INSIG2 gene rs7566605 polymorphism is associated with severe obesity in Japanese.

The single nucleotide polymorphism (SNP) rs7566605 in the upstream region of the insulin-induced gene 2 (INSIG2) is associated with the obesity phenotype in many Caucasian populations. In Japanese, this association with the obesity phenotype is not clear. To investigate the relationship between rs7566605 and obesity in Japanese, we genotyped rs7566605 from severely obese subjects [n = 908, body mass index (BMI) > or = 30 kg/m2] and normal-weight control subjects (n = 1495, BMI < 25 kg/m2). A case-control association analysis revealed that rs7566605 was significantly associated with obesity in Japanese.
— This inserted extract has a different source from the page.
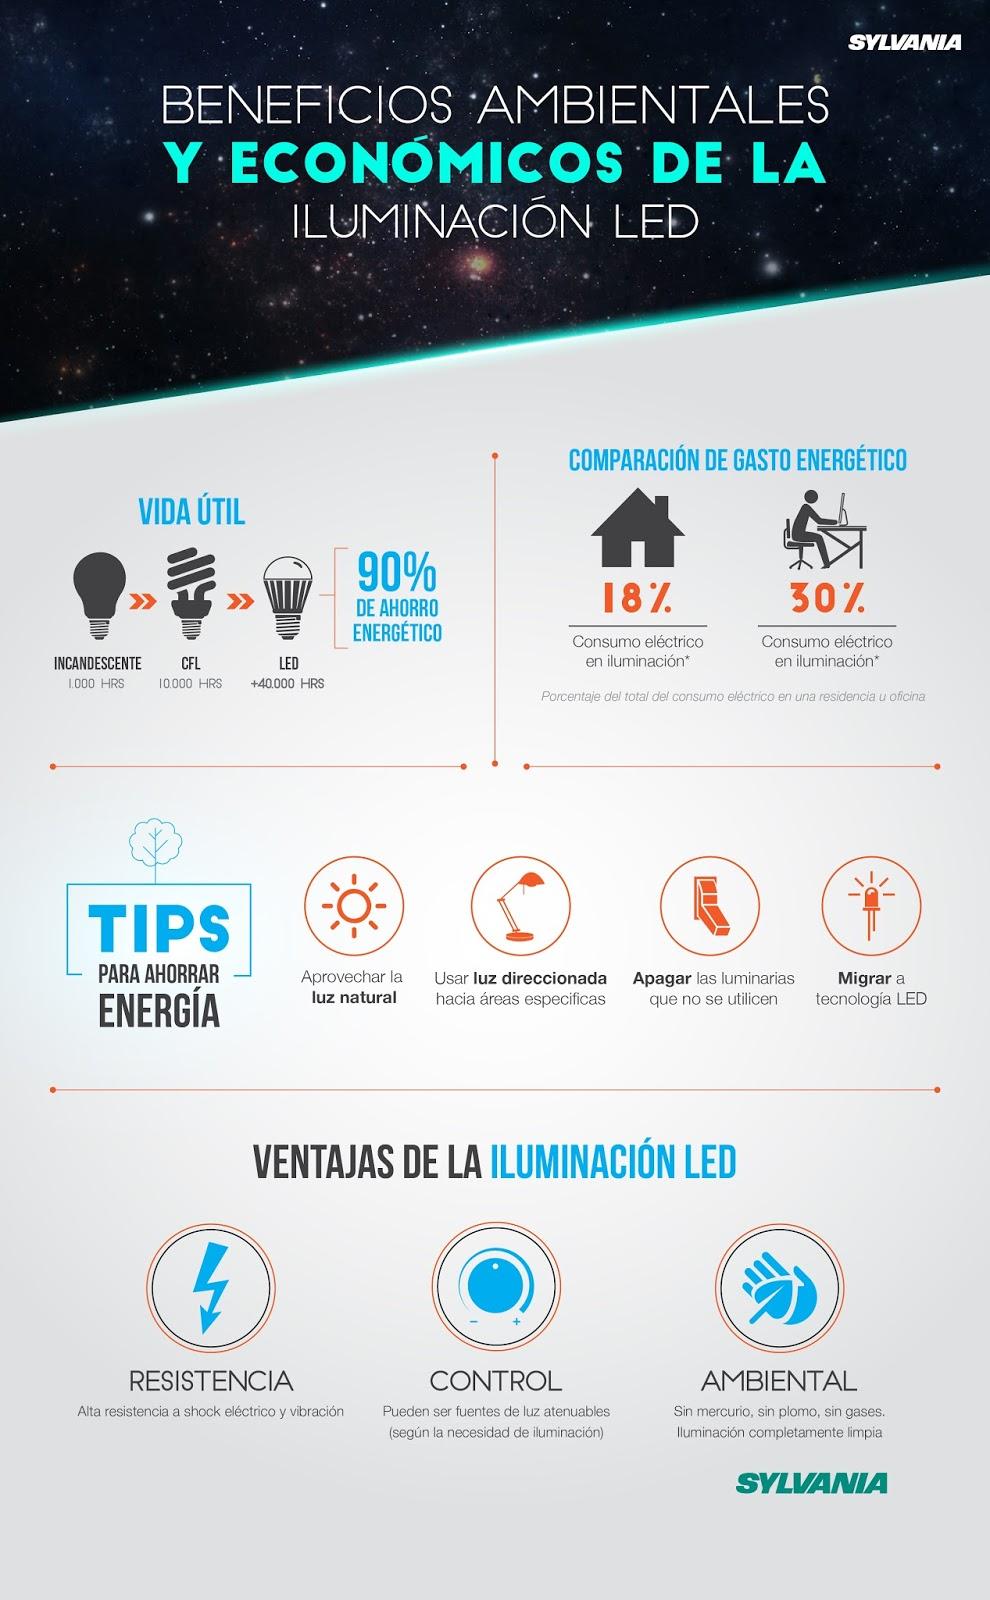 Beneficios ambientales y económicos de la iluminación led (Infografía)
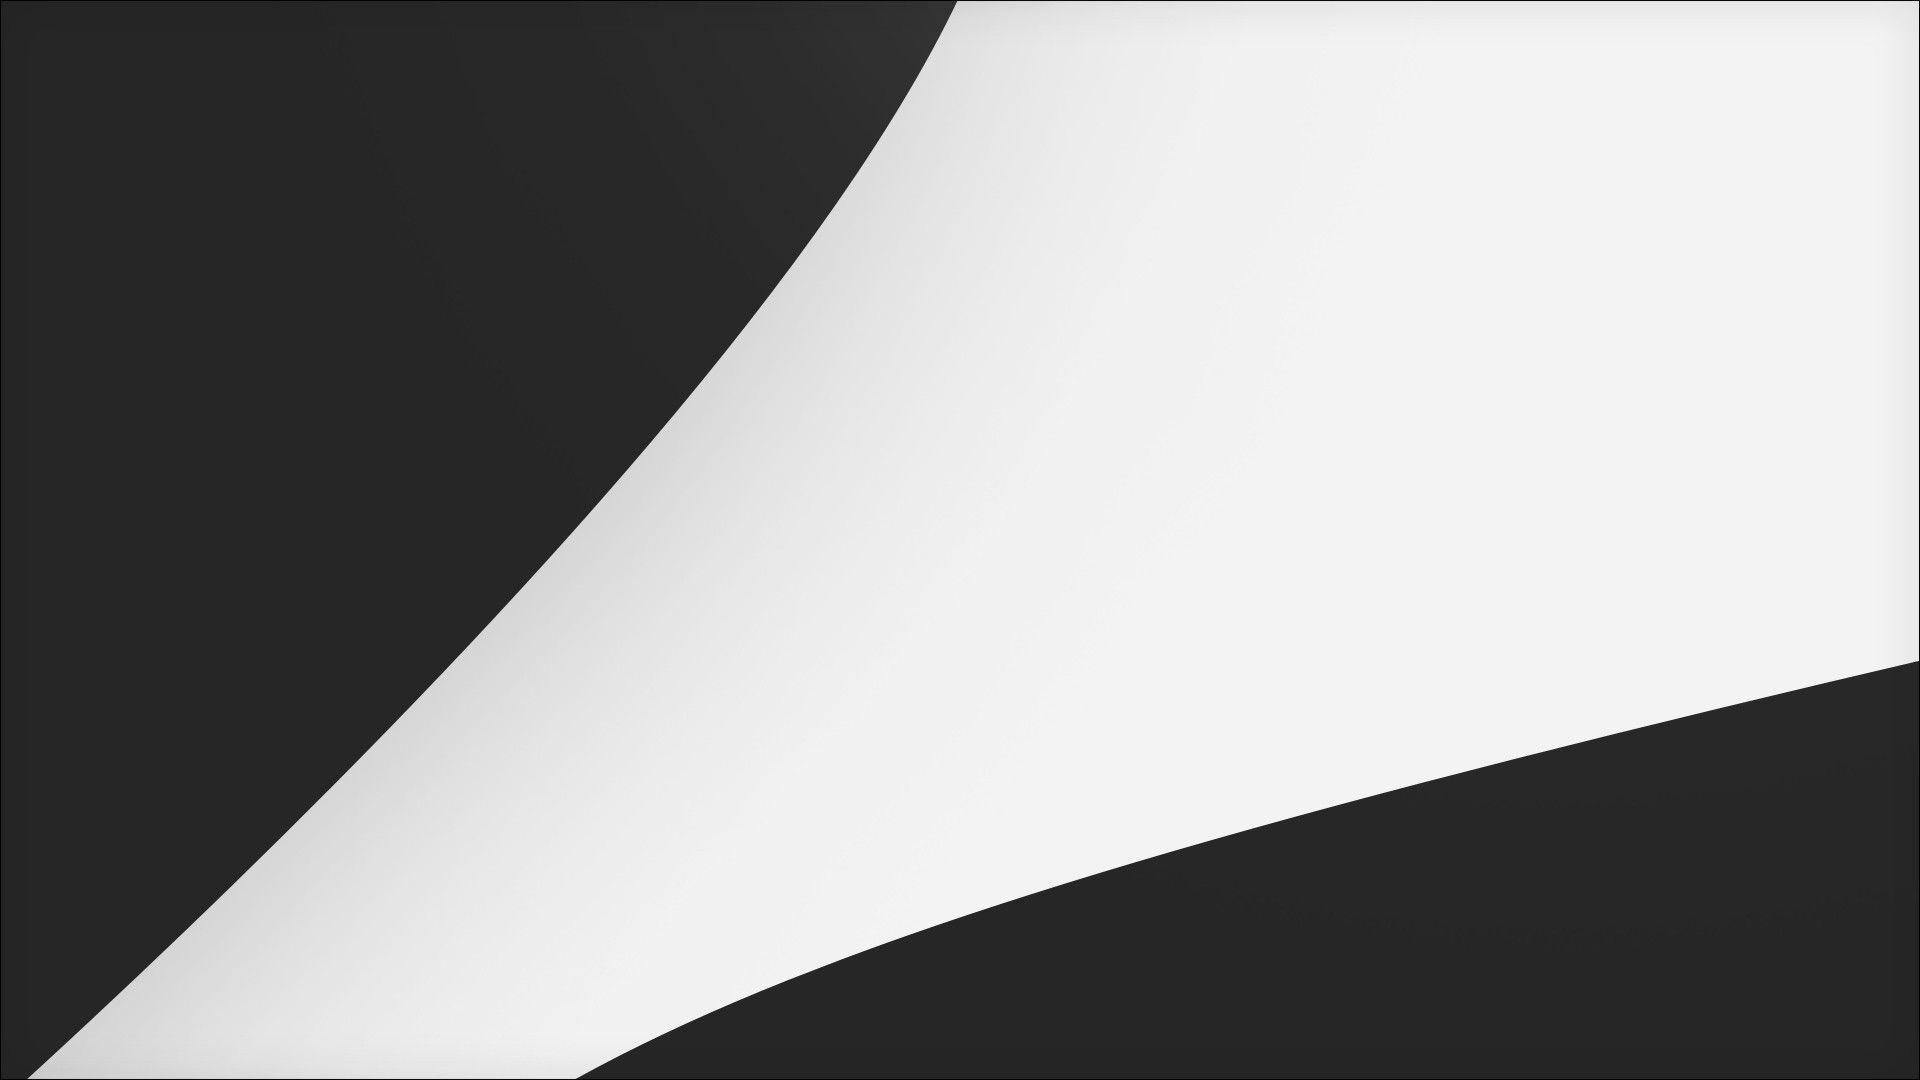 Hình nền trắng đen cho powerpoint

The P value in the minor allele recessive mode was 0.00020, and the odds ratio (OR) adjusted for gender and age was 1.61 [95% confidential interval (CI) = 1.24-2.09]. Obesity-associated phenotypes, which included the level of BMI, plasma glucose, hemoglobin A1c, total cholesterol, triglycerides, high-density lipoprotein (HDL) cholesterol, and blood pressure, were not associated with the rs7566605 genotype. Thus, rs7566605 in the upstream region of the INSIG2 gene was found to be associated with obesity, i.e., severe obesity, in Japanese.

Introduction

Obesity has become one of the major issues in public health, medicine, and the economy (Kopelman 2000). Obesity is considered to be important due to its relationship with various complications, such as diabetes mellitus, dyslipidemia, and hypertension. A combination of these dysfunctions is now defined as the metabolic syndrome that significantly increases the risk of cardiovascular disease (Wilson and Grundy 2003). Genetic and environmental factors contribute to the development of obesity (Maes et al. 1997; Barsh et al. 2000; Rankinen et al. 2006). Due to the recent progress in single nucleotide polymorphism (SNP) genotyping techniques, it is possible to conduct genome-wide screens to identify common genetic variants associated with obesity. We conducted a large-scale case–control association study and found that secretogranin III (SCG3) (Tanabe et al. 2007) and myotubularin-related protein 9 (MTMR9) (Yanagiya et al. 2007) confer susceptibility to the obesity phenotype in the Japanese population. Genome-wide association studies have shown that variations in the upstream region of the insulin-induced gene 2 (INSIG2) (Herbert et al. 2006) and in the fat-mass and obesity-associated gene (FTO) (Frayling et al. 2007; Scuteri et al. 2007; Hinney et al. 2007) are associated with the obesity phenotype. We recently reported the association between variations in the FTO gene and severe obesity in Japanese (Hotta et al. 2008). An association between rs7566605 in the upstream region of the INSIG2 gene and obesity was also found in several Caucasian and Hispanic American populations (Herbert et al. 2006; Hall et al. 2006; Lyon et al. 2007; Liu et al. 2008). However, results from some reports with respect to these associations could not be reproduced (Lyon et al. 2007; Smith et al. 2007; Boes et al. 2008); further, these associations are not observed in the Indian (Kumar et al. 2007), Chinese (Yang et al. 2008) and Japanese populations (Tabara et al. 2008). Thus, the association between rs7566605 in the INSIG2 gene and obesity in Japanese remains controversial.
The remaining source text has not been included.